CHAP. 105.—THE GAIT, THE FEET, THE LEGS.

All animals take a right-hand direction when they first begin to walk, and lie down on the left side. While the other animals walk just as it may happen, the lion only and the camel walk foot by foot, or in such a way that the left foot never passes the right, but always comes behind it. Men have the largest feet; in every kind of animal the female has the smallest. Man only342 has calves, and flesh upon the legs: we find it stated by authors, however, that there was once an Egyptian who had no calves on his legs. All men, too, with some few exceptions, have a sole to the foot. It is from these exceptional cases that persons have obtained the names of Plancus,343 Plautus, Pansa, and Scaurus; just as, from the malformation of the legs, we find persons called Varus,344 Vacia, and Vatinius, all which blemishes are to be seen in quadrupeds also.

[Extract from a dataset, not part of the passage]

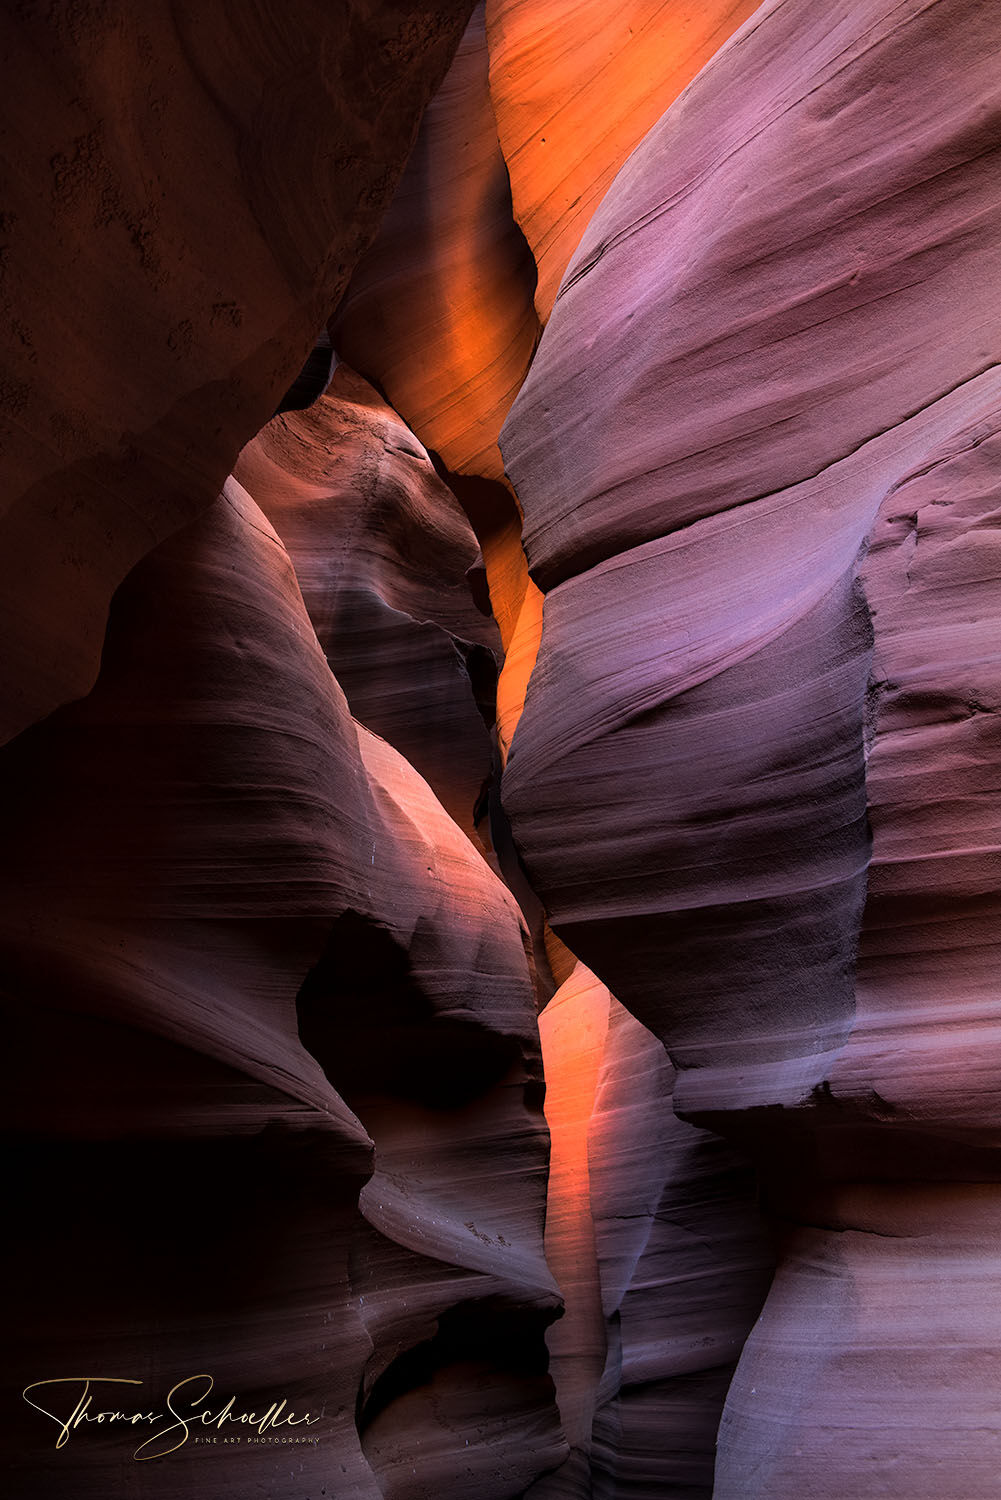 The mesmerizing sculpted sandstone textures come to life in Upper Antelope Canyon illuminated by bounce light | Limited Edition Fine Art Abstract Nature prints

Animals which have no horns have a solid hoof, from which circumstance it is used by them as a weapon of offence, in place of horns; such animals as these are also destitute of pastern bones, but those which have cloven hoofs have them; while those, again, which have toes have none, nor are they ever found in the fore-feet of animals. The camel has pastern bones like those of the ox, but somewhat smaller, the feet being cloven, with a slight line of division, and having a fleshy sole, like that of the bear: hence it is, that in a long journey, the animal becomes fatigued, and the foot cracks, if it is not shod.